Антиплащ поперхнулся.
— К-к… К-какая проблема?
— Герениты. Извини, но их, оказывается, их уже увезли в ШУШУ… Без этих камней снять браслет невозможно, сам знаешь.
— Ч-ч… Что? — Антиплащ пошатнулся. В первую секунду он решил, что ослышался. — Увезли? В ШУШУ?.. Эт-то... что за... глупая шутка?
Дрейк пожал плечами.
— Ну, видишь ли, когда мы с тобой заключали сделку, я ещё не знал, что герениты уже отправили в Сен-Канар. А потом... было уже поздно... их возвращать.
— П-поздно?! — У Антиплаща потемнело в глазах.

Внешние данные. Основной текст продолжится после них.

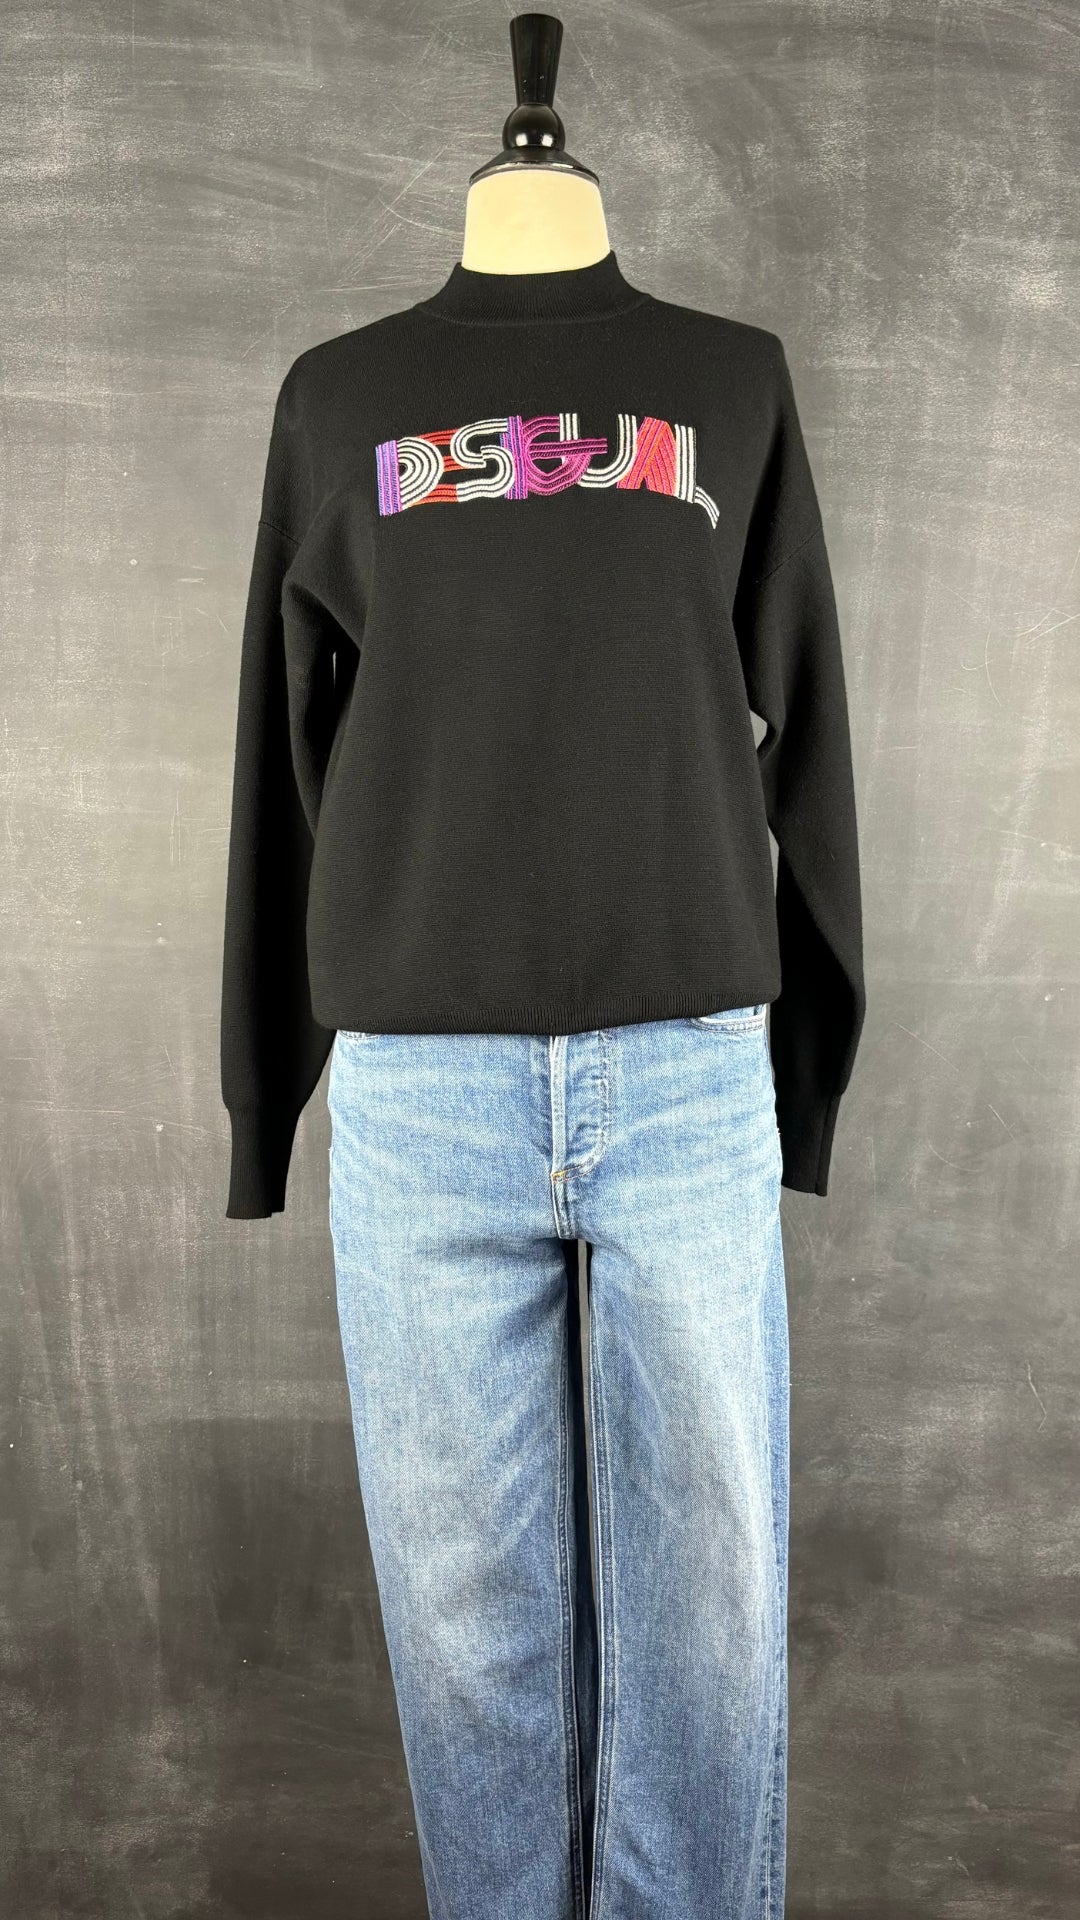 Jeans droit taille haute modèle Arlo Denim Forum, taille 26. Vue de l'agencement avec le tricot noir Desigual.

Или это мир вокруг померк, точно сцена, над которой окончательно угасли яркие огни рампы? — Ты… т-ты… хочешь сказать, что... т-тогда, во время нашего разговора... ты не знал, что их увезут?.. И не... попытался остановить?.. Совсем? Но ты не мог... Не мог этого не знать!.. Т-ты... мне врал. Ты… просто меня использовал, так? А как же… как же твое слово? Я… Ты… — Он прямо-таки задохнулся от ужаса и такой немыслимой подлости: слова Черныша и безучастный тон, каким они были произнесены, подкосили его на месте, словно удар кулаком в лицо… нет, хуже — словно гнусный, внезапный, произведенный исподтишка выстрел в упор! Впрочем, чего ещё следовало ожидать? Черный Плащ — вероломная скотина, недаром его ухмылочка сразу показалась двойнику подозрительной… не надо было, не стоило ему доверять! Но разве у Антиплаща был другой, хоть какой-нибудь выбор? Нет, нет и нет! А теперь… Все кончено!
Антиплащ застонал; превозмогая боль, собрав последние силы, он прыгнул — скорее, вывалился — из фургона вперед, прямо на мерзостно самодовольного Черныша, и отчаянной хваткой обреченного на смерть человека схватил двойника за горло.
Терять ему отныне было нечего, все его хрупкие надежды были окончательно разбиты и втоптаны в грязь. А вот паскуда Черныш наверняка собирался жить еще долго и счастливо…
— Ах, значит, так, да? Так? Поизмываться надо мной вздумал, подлец? Ну так вот, тебе это даром не пройдет… Я тебя не отпущу… не отпущу, нет! И сдохнем мы сейчас оба, ясно? А если вздумаешь позвать на подмогу своих полицейских прихвостней, значит, они тоже составят нам компанию на пути на тот свет! В радиусе десяти метров бомба накроет всех, уж в этом не сомневайся!..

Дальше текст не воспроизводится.